I’ve read other books by Isabel Wolff and so was looking forward to reading A Vintage Affair. I was not disappointed. I won’t recap the plot as it has been done already, but I will say that the timing, the descriptions, the fullness of the characters is all so very well done. While I’m certainly not an expert on vintage fashion, I found the descriptions of the clothes fascinating and very easily pictured in my mind. This book sparked an interest in me to look further into vintage fashion. The various stories in the plot were all easily tied together. Ms. Wolff made the characters and the happenings in the story so easy to understand. The themes of forgiveness, friendship and love were beautifully done. I was especially fascinated by the story Mrs. Bell told about her experiences during World War II. There are many great characters in this story, most all of them people I would love to know. I’ve seen this book characterized as chick lit, but I think it is much more than that, a beautiful story, well told. I highly recommend it.

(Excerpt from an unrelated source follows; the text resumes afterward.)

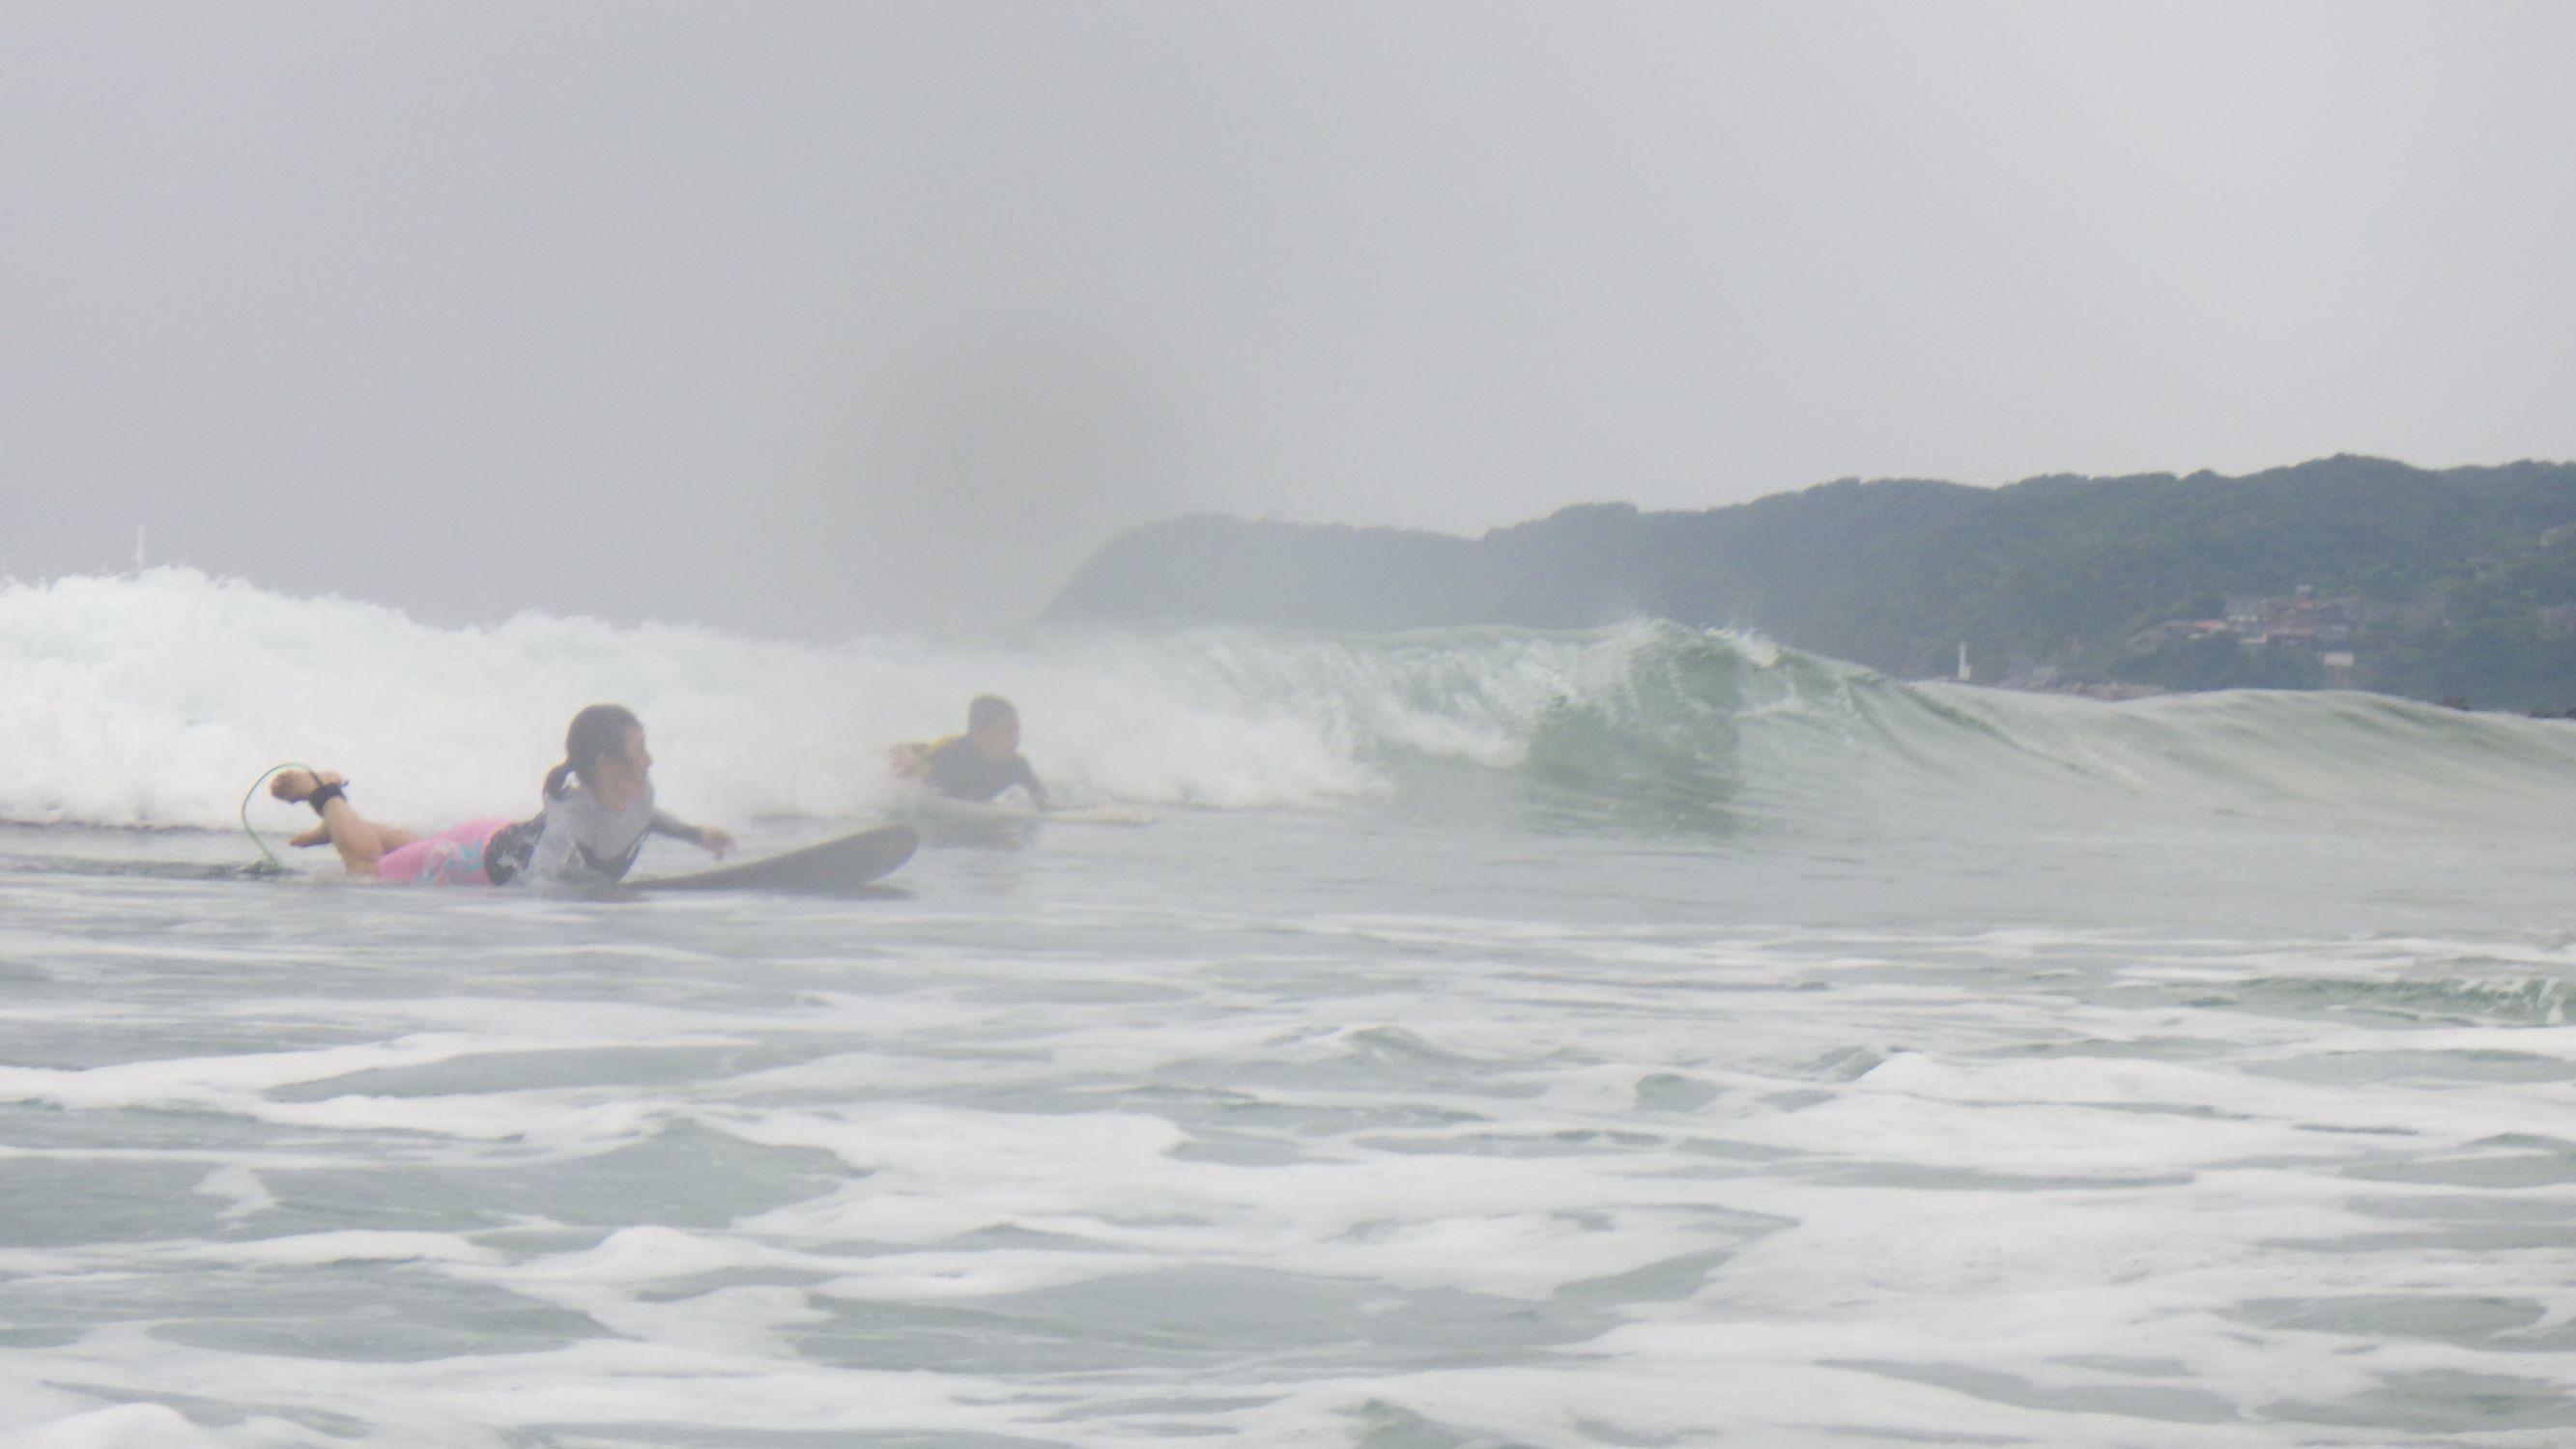 お母さんと一緒にサーフィンを楽しもう_f0009169_07383712.jpg

Shelter Me by Juliette Fay is beyond any doubt one of the best books I’ve read in the last 10 years. This is the story of Janie LaMarche and her first year as a widow with two small children. Her emotions are raw and convincing and her anger is palpable. It sounds so easy to say I felt her pain, but I did. It was real. No matter what her loved ones did for her, there was still the absence of Robbie. No one could change that. Sometimes I wanted to shake her and tell her to straighten up, sometimes give her a big atta girl, and sometimes just wanted to sit down and have a cup of coffee with her and tell her to hang in there. Because isn’t that what we all want; just to know that someone hears you and understands you?Juliette Fay has given a truly remarkable voice to her protagonist, Janie, and has allowed her to have all her emotions, all her anger, all her distrust of her family and friends. After all, they’re not nearly in as much pain as Janie and cannot know how her life has been affected. Slowly I saw Janie come to realize that she did not live in a vacuum; there were others who were affected by Robbie’s death.The characters were all true; these were all people I have known in my former New England neighborhood. I would recommend this book to anyone who wants to read a true to life story about anger and grief and survival, sometimes just making it from minute to minute. This is a book I will keep and read again, something I seldom ever do because there are so many books to read. But I feel connected to these characters and don’t want to let them out of my life just yet.